• **Information supplied**

──────────────────────────────

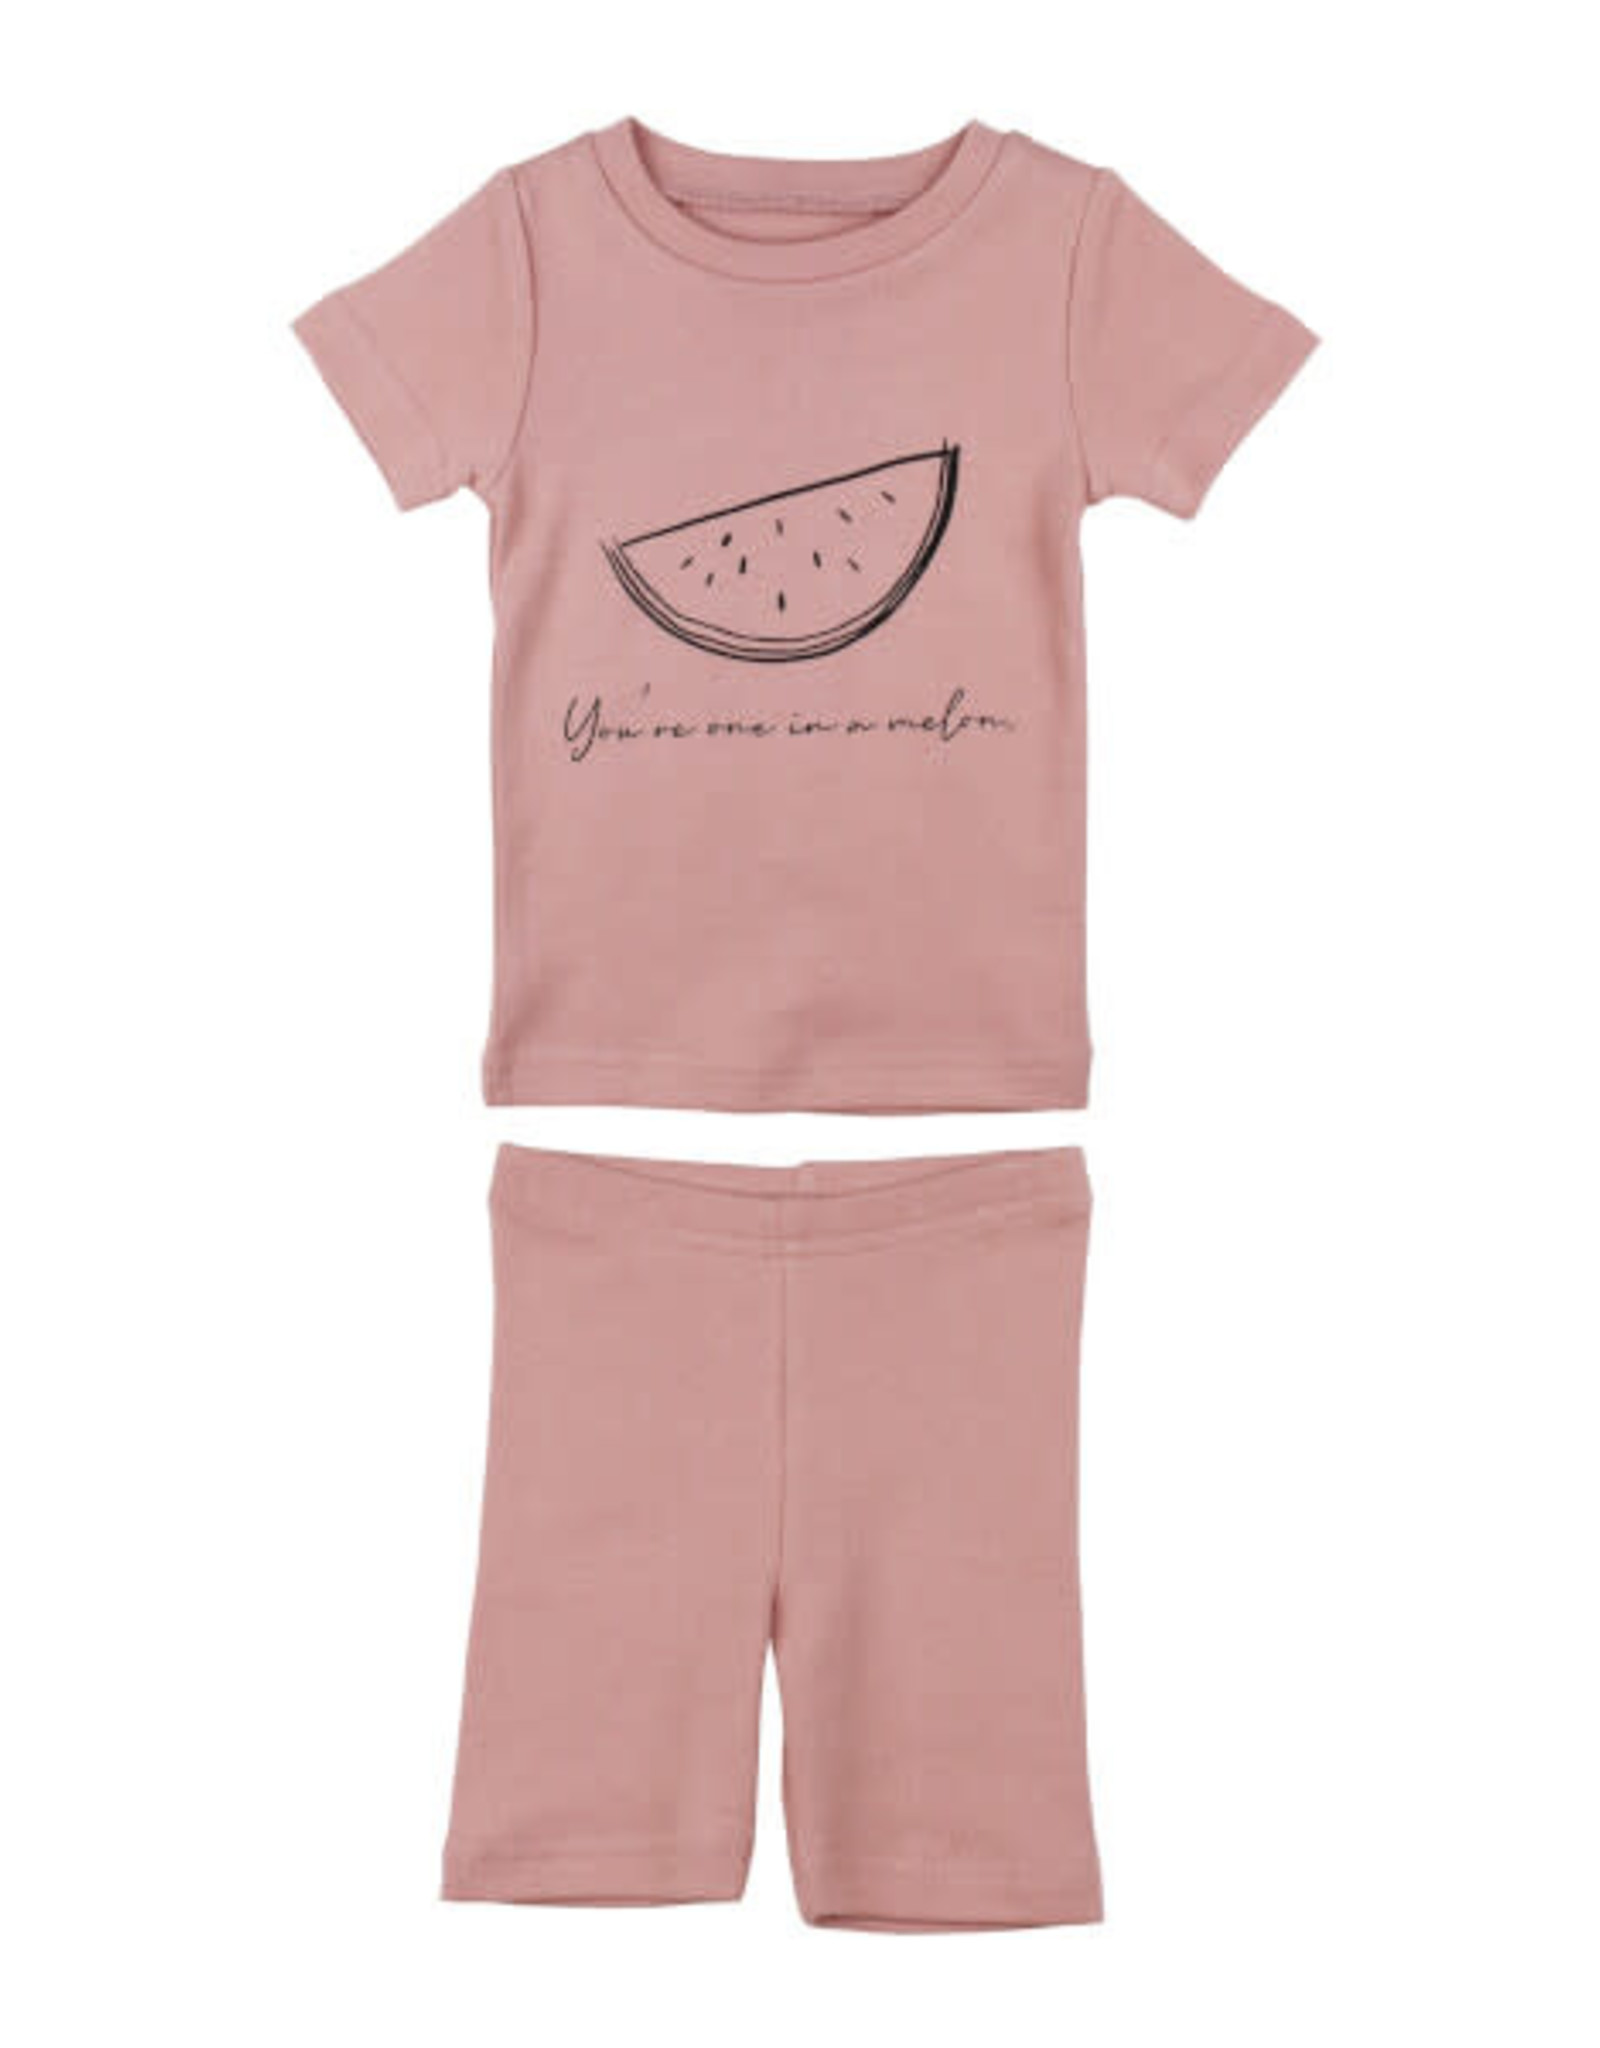 L'oved Baby Kids' PJ Set Watermelon
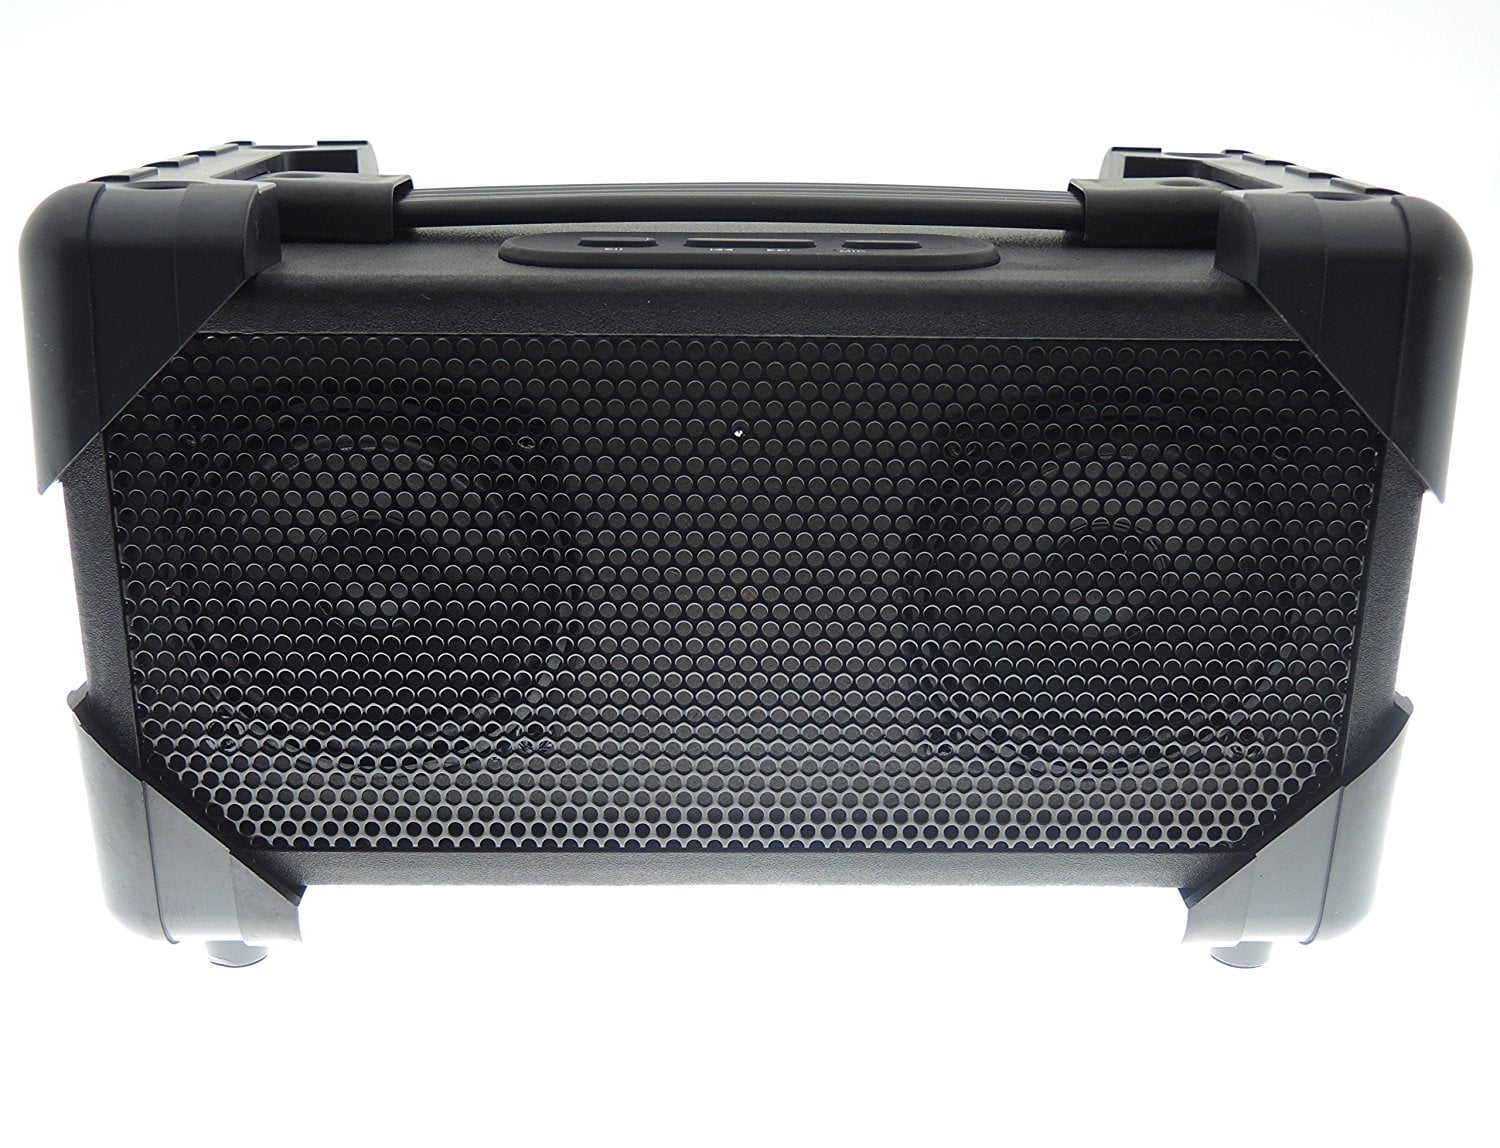 vivitar retro bluetooth speaker
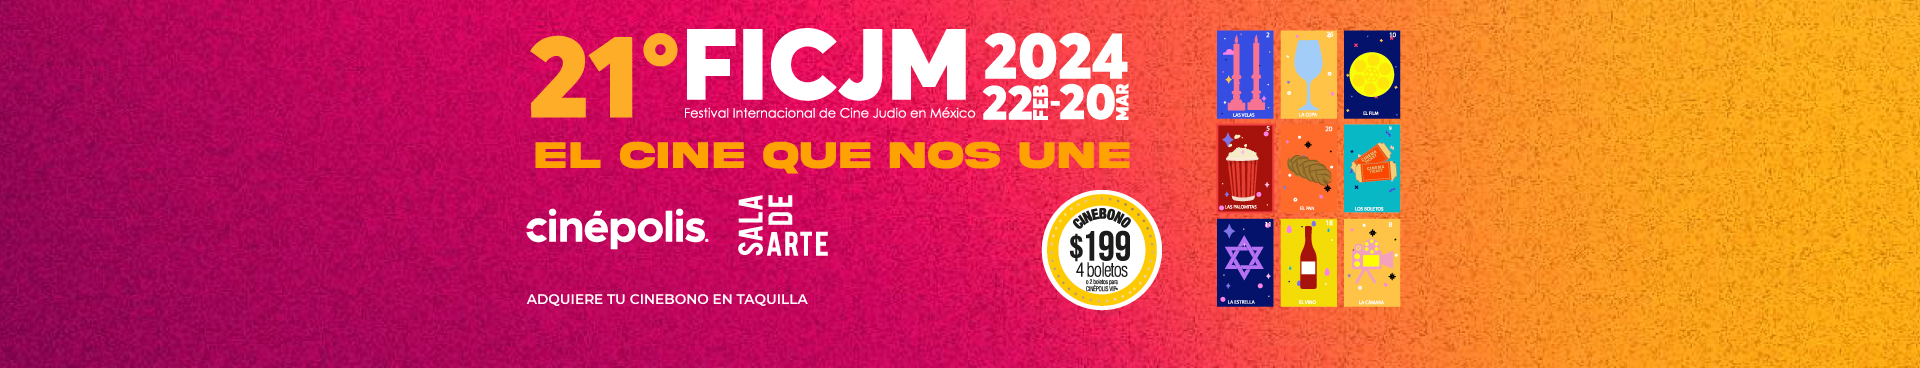 21 Festival Internacional de Cine Judío en México
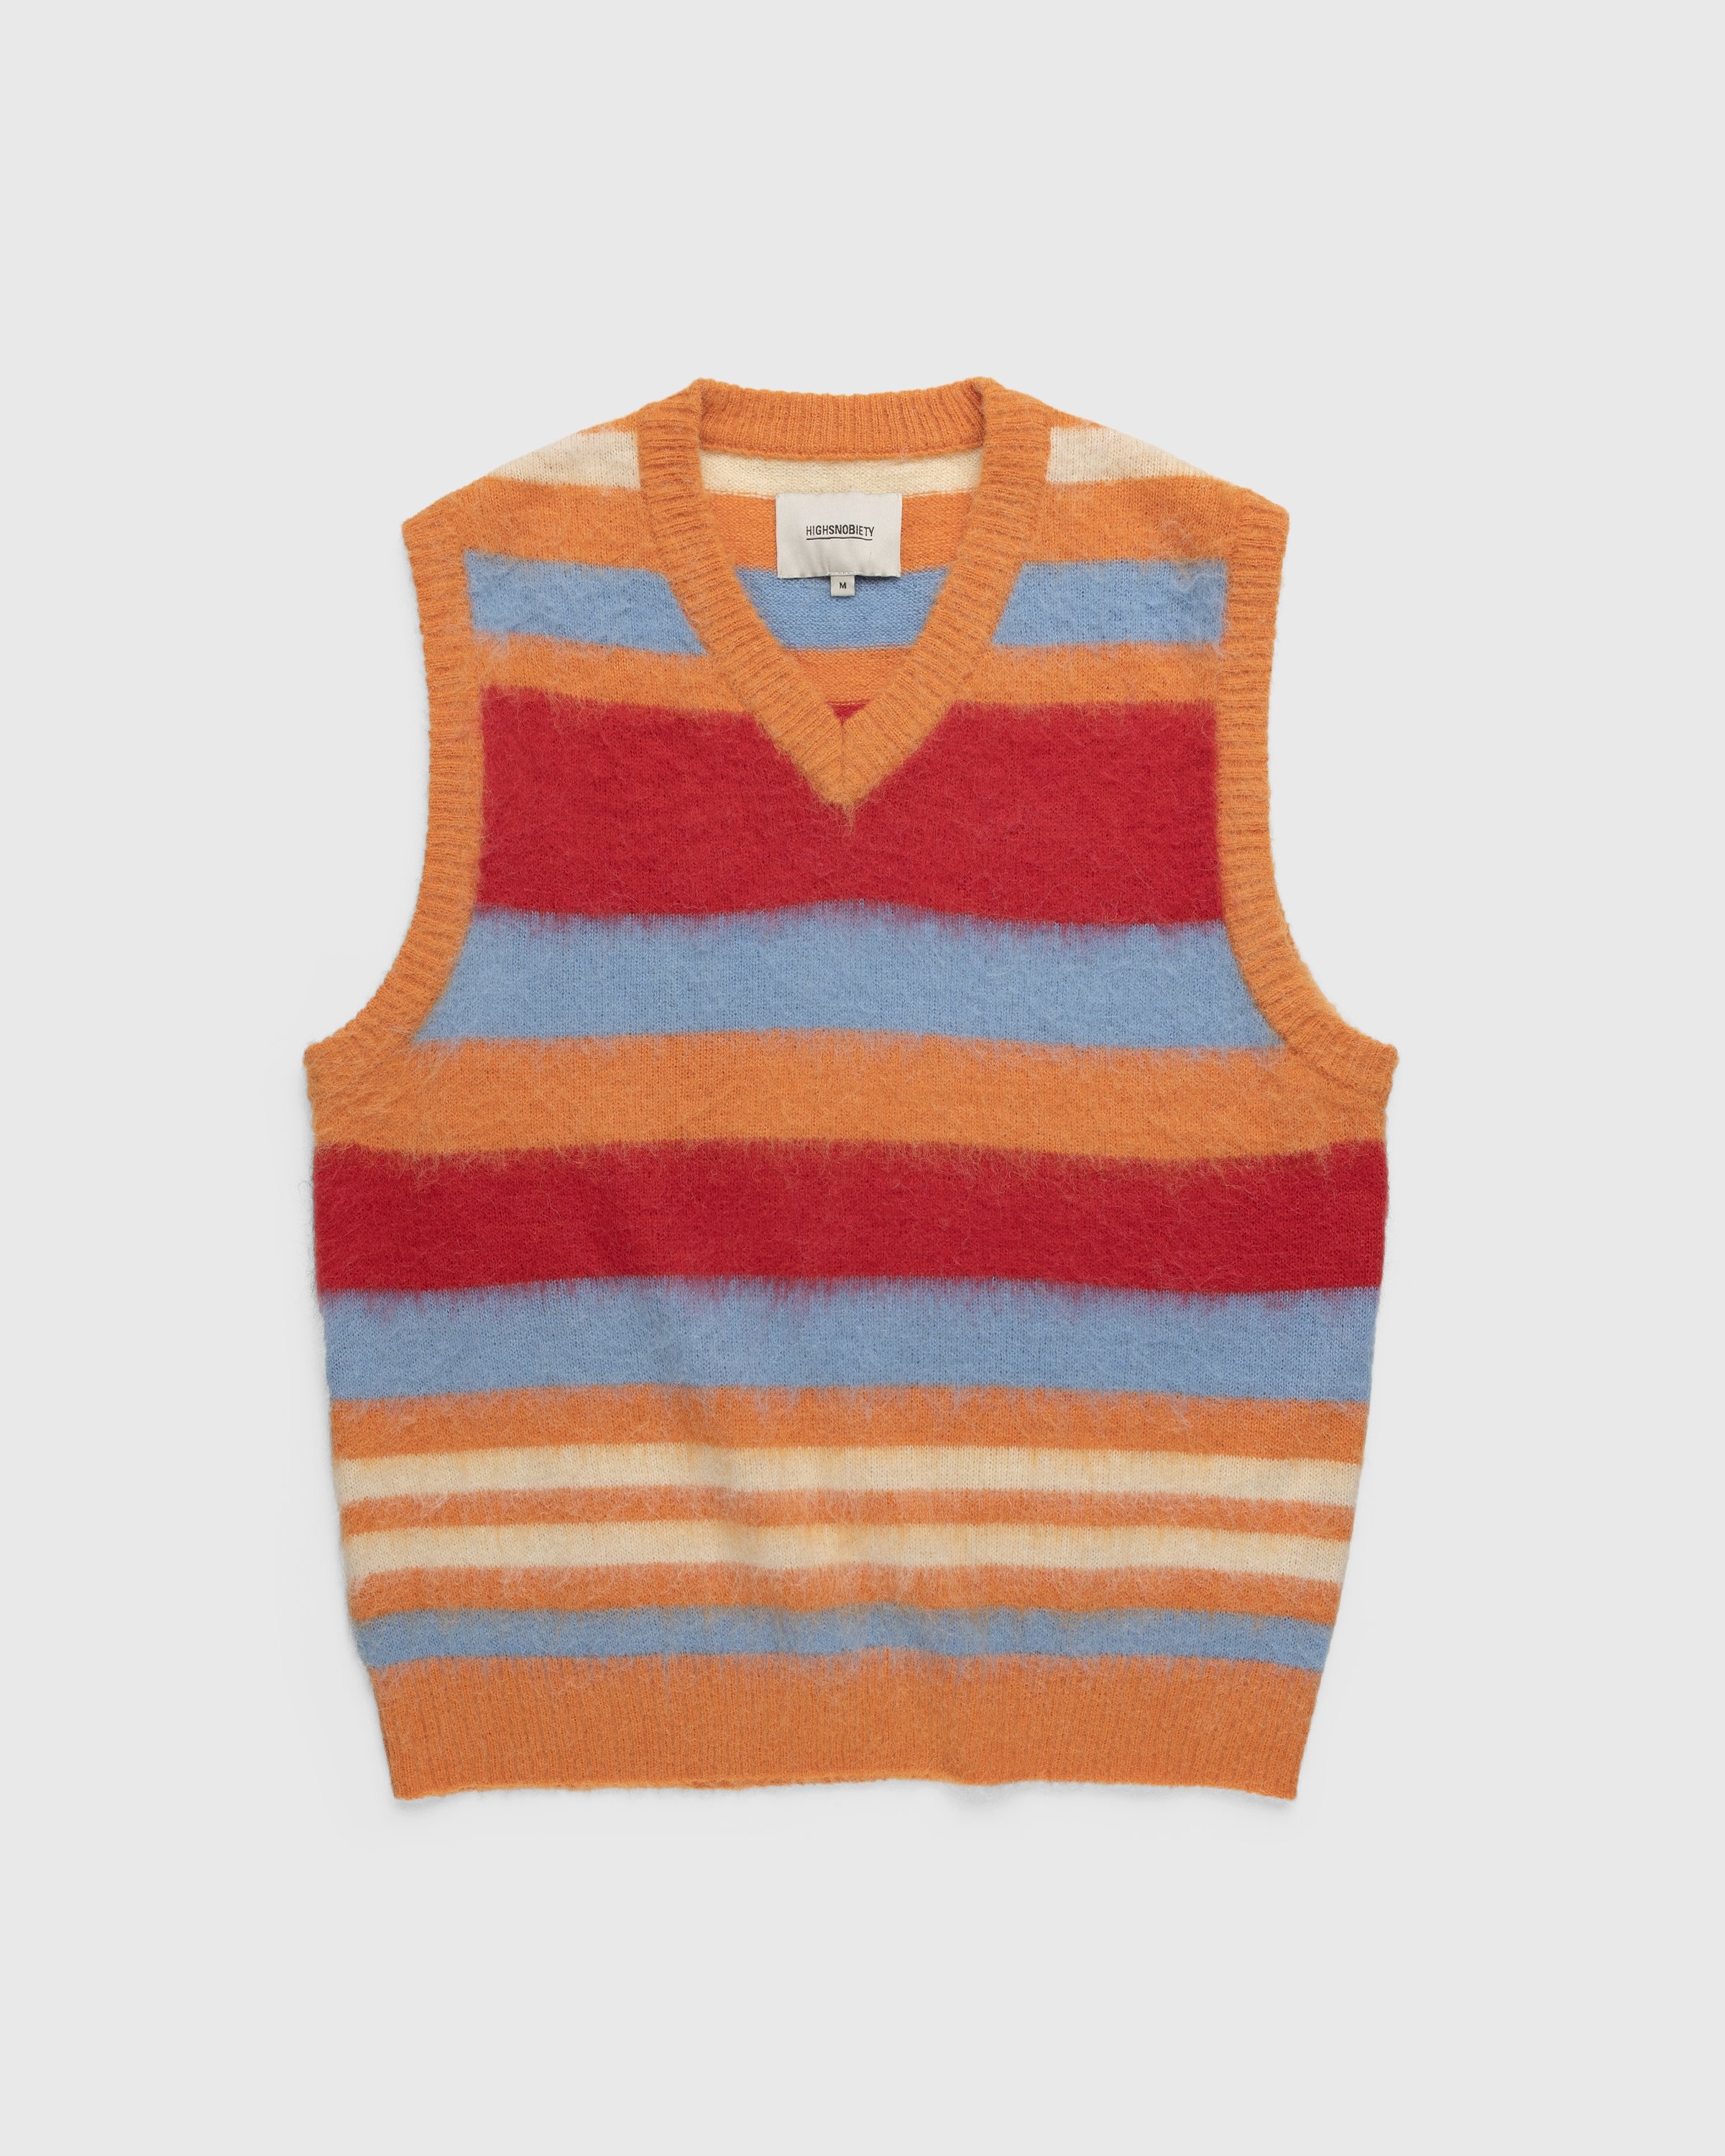 Bezighouden Inactief Blijven Highsnobiety – Striped V-Neck Sweater Vest Burnt Orange | Highsnobiety Shop

──────────────────────────────

• **About this exercise**
The whole listing above must be duplicated word for word, apart from its pictures.

• **Solution to this exercise**
 L'oved Baby Kids' PJ Set Watermelon
 vivitar retro bluetooth speaker
 21 Festival Internacional de Cine Judío en México
 Bezighouden Inactief Blijven Highsnobiety – Striped V-Neck Sweater Vest Burnt Orange | Highsnobiety Shop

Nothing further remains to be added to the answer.